Now, though, all the major players know at least part of what’s going on, and Miller has for the moment become part of the Rocinante crew, and The Expanse feels more energetic and involving than before. There’s even room to expand the roles of previously minor players like resistance leader Fred Johnson (The Wire alum Chad L. Coleman, in a performance so different from his usual work that you will quickly stop making “Cutty in space” jokes), as well as to introduce an entirely new set of characters, revolving around amazonian Martian Marine Bobbie Draper (Frankie Adams), without it feeling like more clutter. The series had to discard a few appealing traits along the way (now that he’s no longer a private cop, Miller has ditched his trademark hat, and in an upcoming episode also trades in his floppy emo haircut for a mohawk), but is much improved overall.

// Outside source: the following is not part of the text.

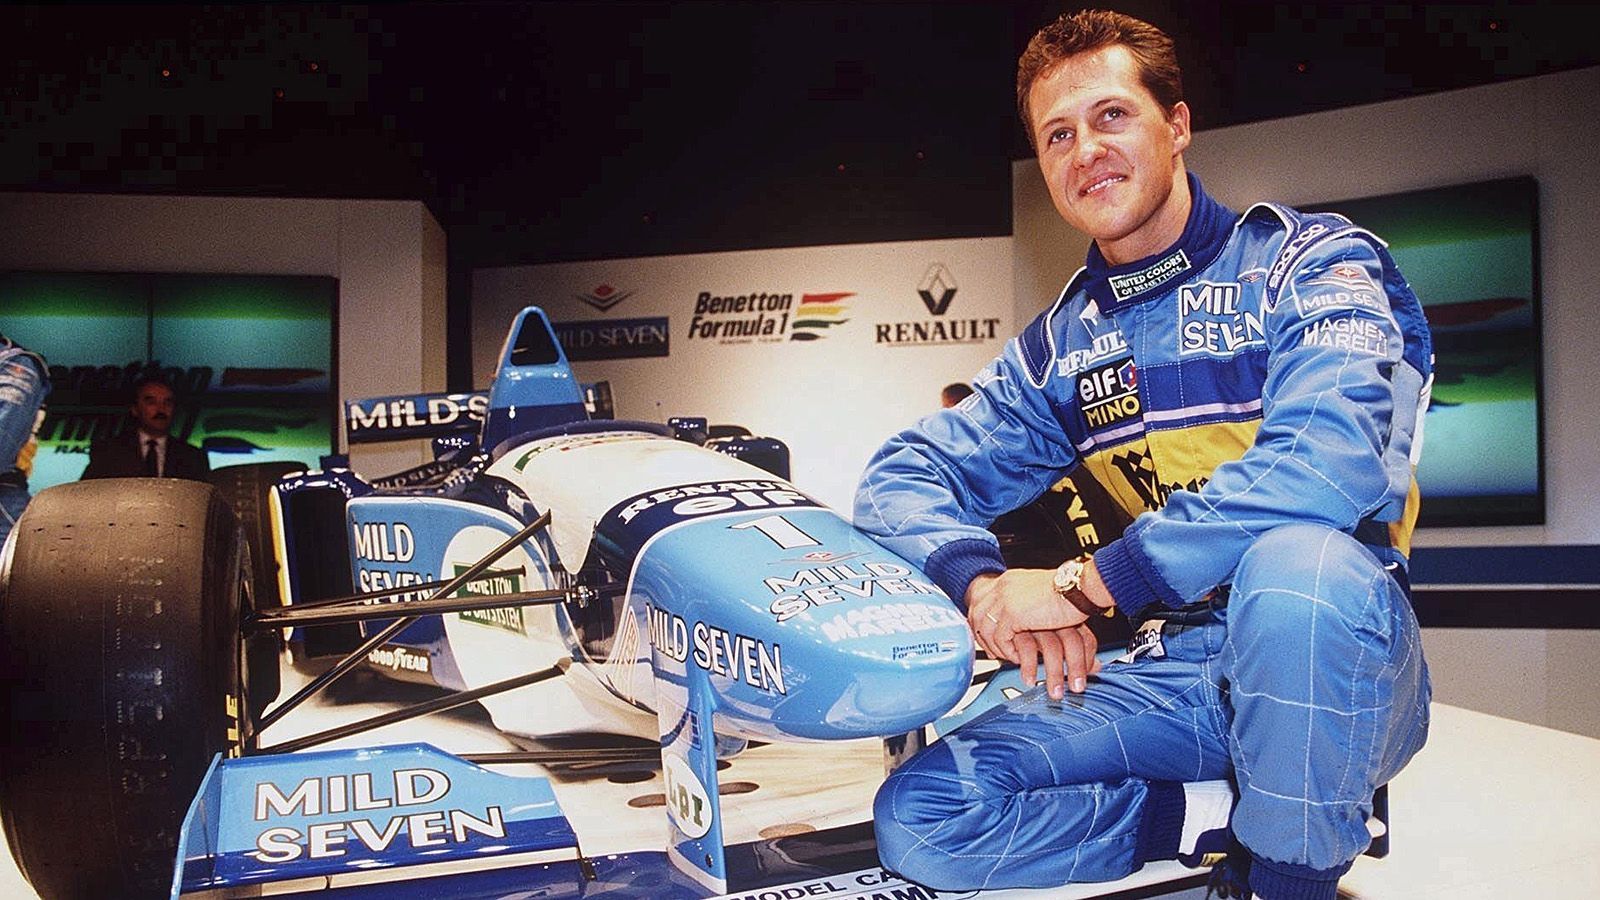 
                <strong>Formel 1</strong><br>
                Für deutsche Sportler war 1994 ein erfolgreiches Jahr. Michael Schumacher gewann mit Benetton als erster Deutscher einen WM-Titel in der Formel 1.

The Expanse is also Syfy’s most conventionally hard sci-fi(*) drama since Battlestar Galactica ended, and between the material from the books and the work of the show’s writers and production team, it presents a fully-realized universe that feels plausible, and plausibly terrifying. It’s thought through what the culture, and physiology, of the people (known as “belters”) who have lived their whole lives in the asteroid belt might become, and the action scenes always do an excellent job conveying the dangers and majesty of operating in zero gravity. It occasionally plays fast and loose with its own rules (a season-ending cliffhanger about Miller and Holden being exposed to lethal doses of radiation gets undone in a technobabble hurry), but for the most part never lets its characters or viewers forget that all this is happening in a literal vacuum.
(*) A phrase I can no longer hear or use without instantly thinking of Roman from Party Down.
On the whole, the series is one I’d mainly recommend with an “if you like this sort of thing” caveat (as opposed to BSG, whose appeal transcended space operatics). I happen to be someone who likes this sort of thing, but The Expanse season two is a much better version of that thing now that everyone knows what’s up and can take action accordingly.